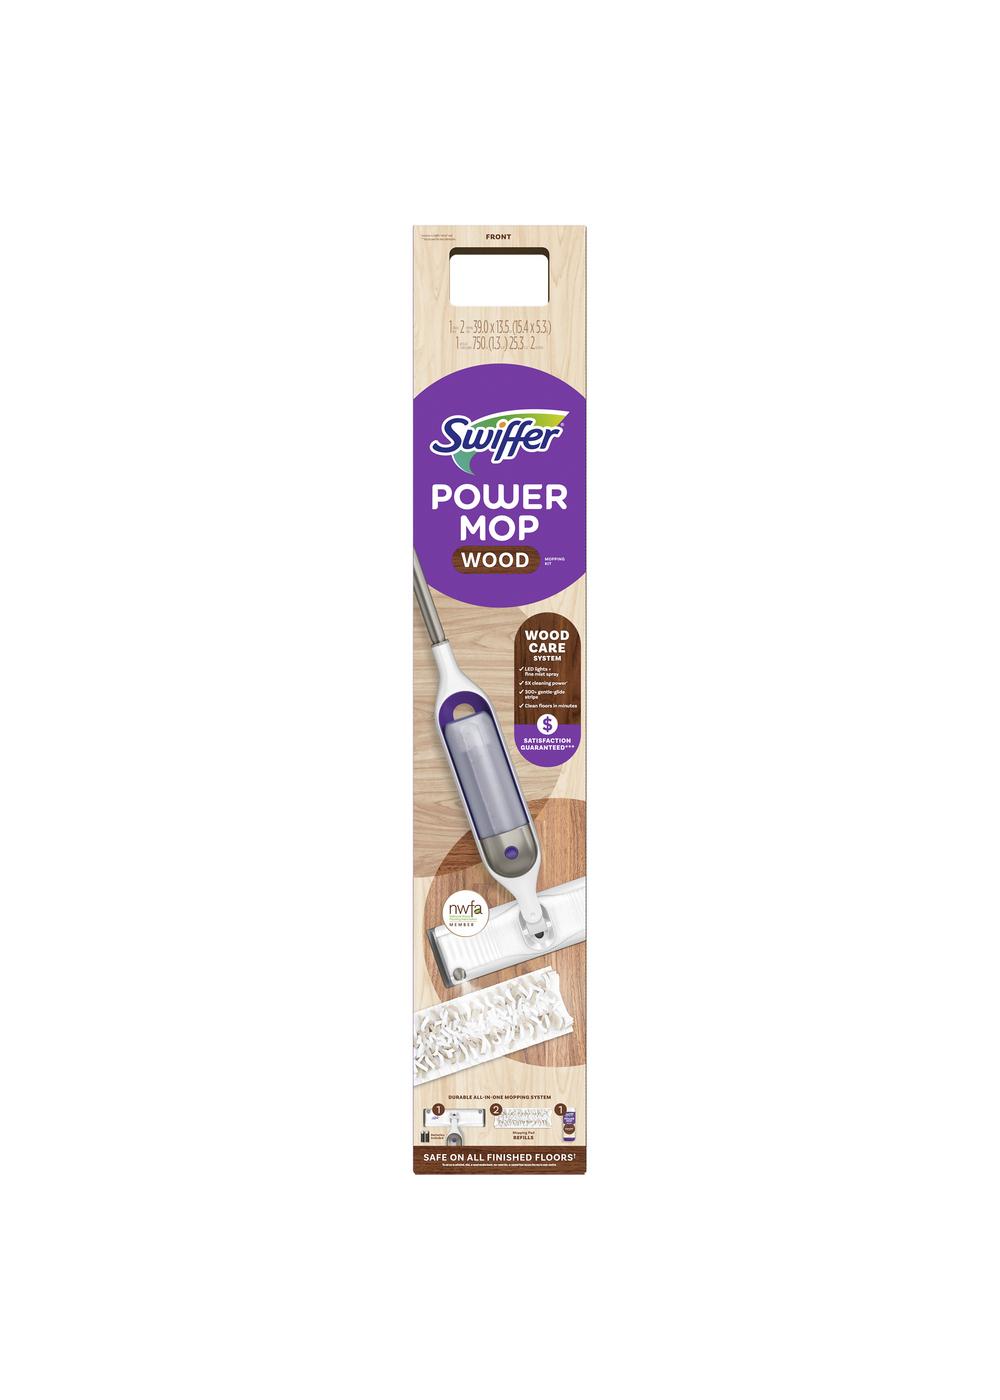 SWOPT Premium Cotton Mop 60 Eva Foam Comfort Grip Wooden Handle Co
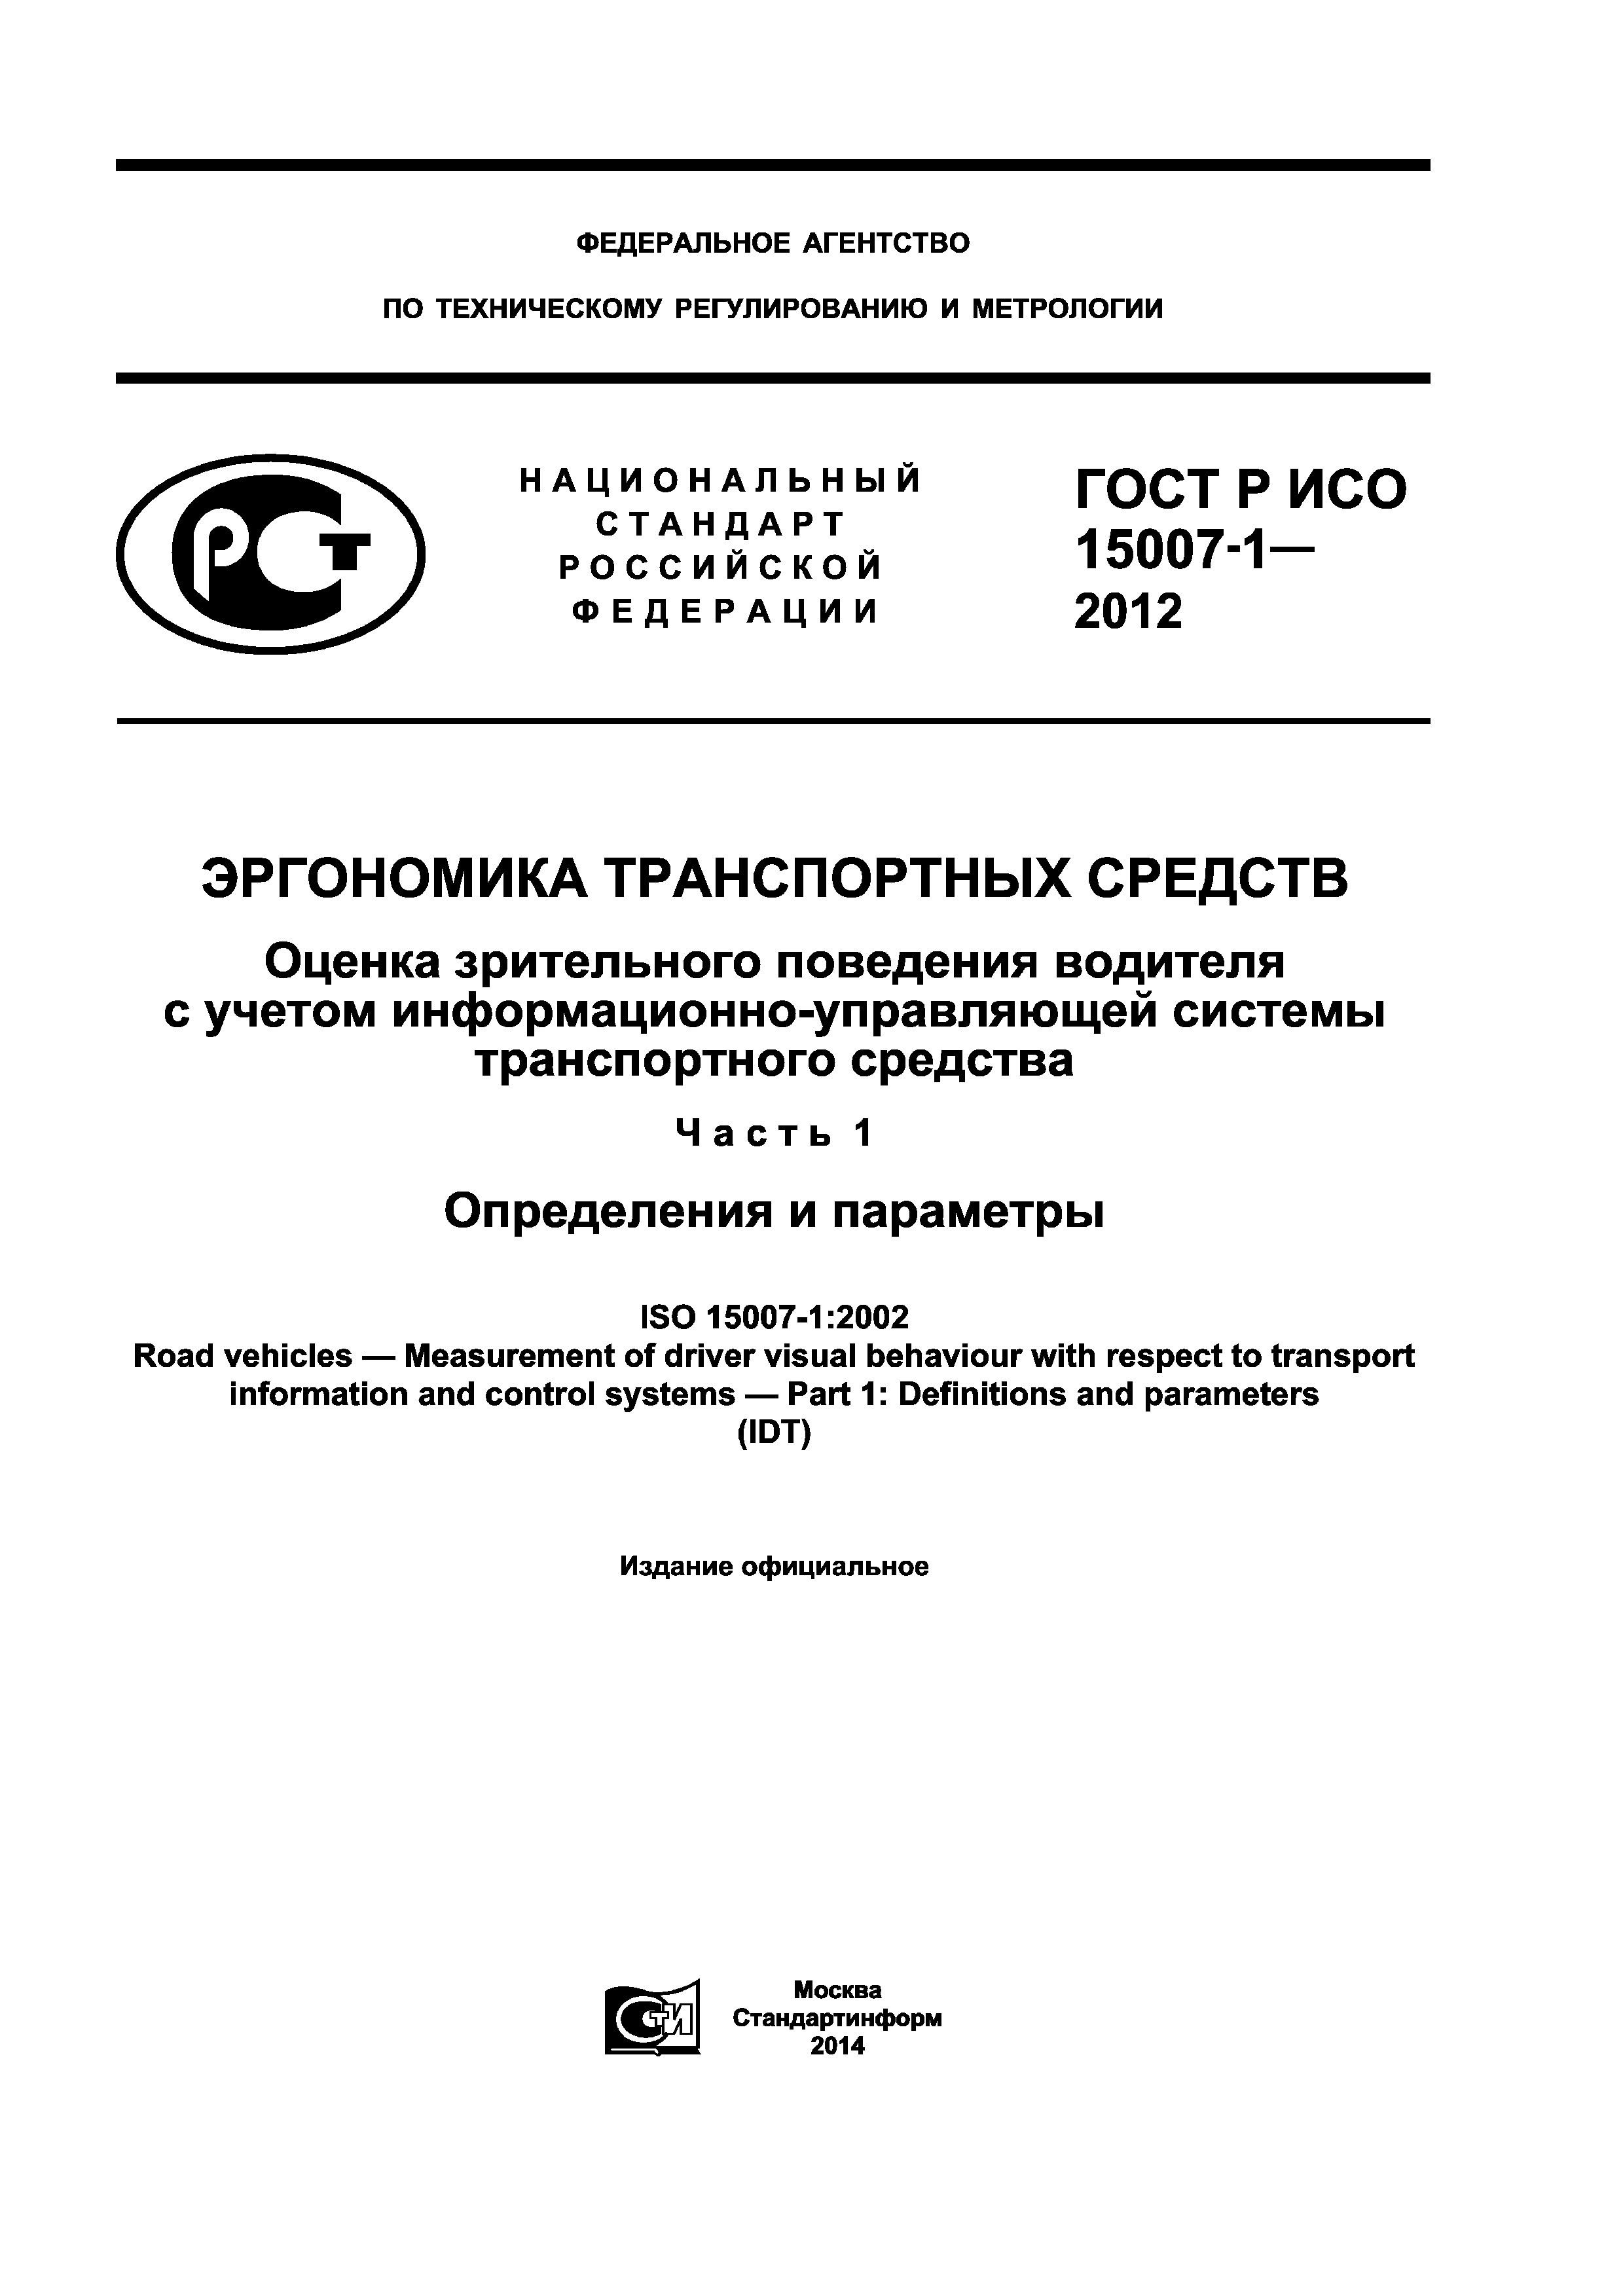 ГОСТ Р ИСО 15007-1-2012
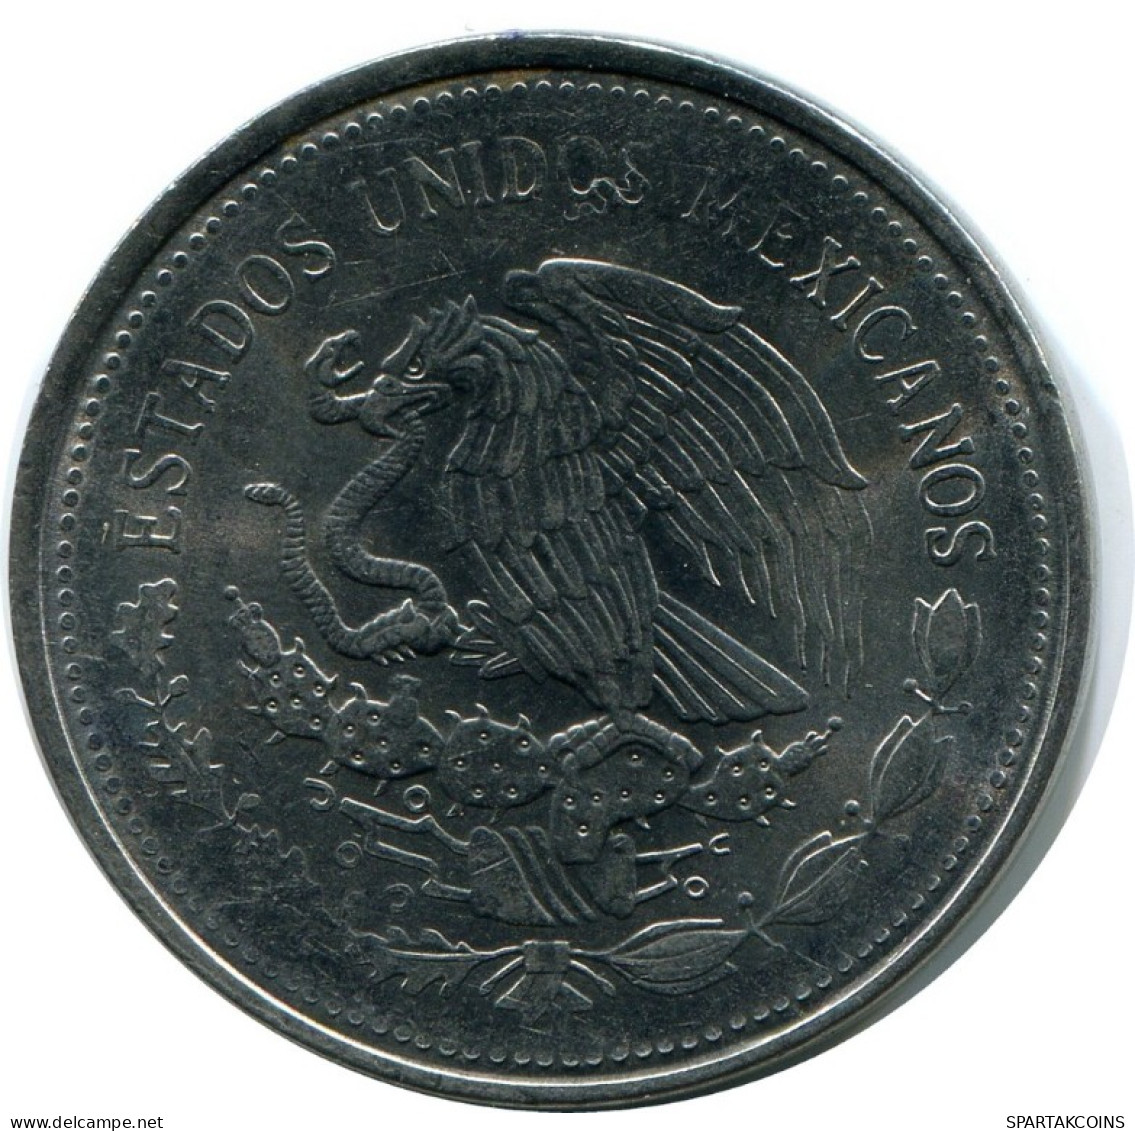 1 PESO 1986 MEXICO Coin #AH472.5.U.A - Mexico

● **Goal of the exercise**
Please retype the data exactly. The pictures do not go in.

● **Response to the task**
 SWOPT Premium Cotton Mop 60 Eva Foam Comfort Grip Wooden Handle Co
 ГОСТ Р ИСО 15007-1-2012
 1 PESO 1986 MEXICO Coin #AH472.5.U.A - Mexico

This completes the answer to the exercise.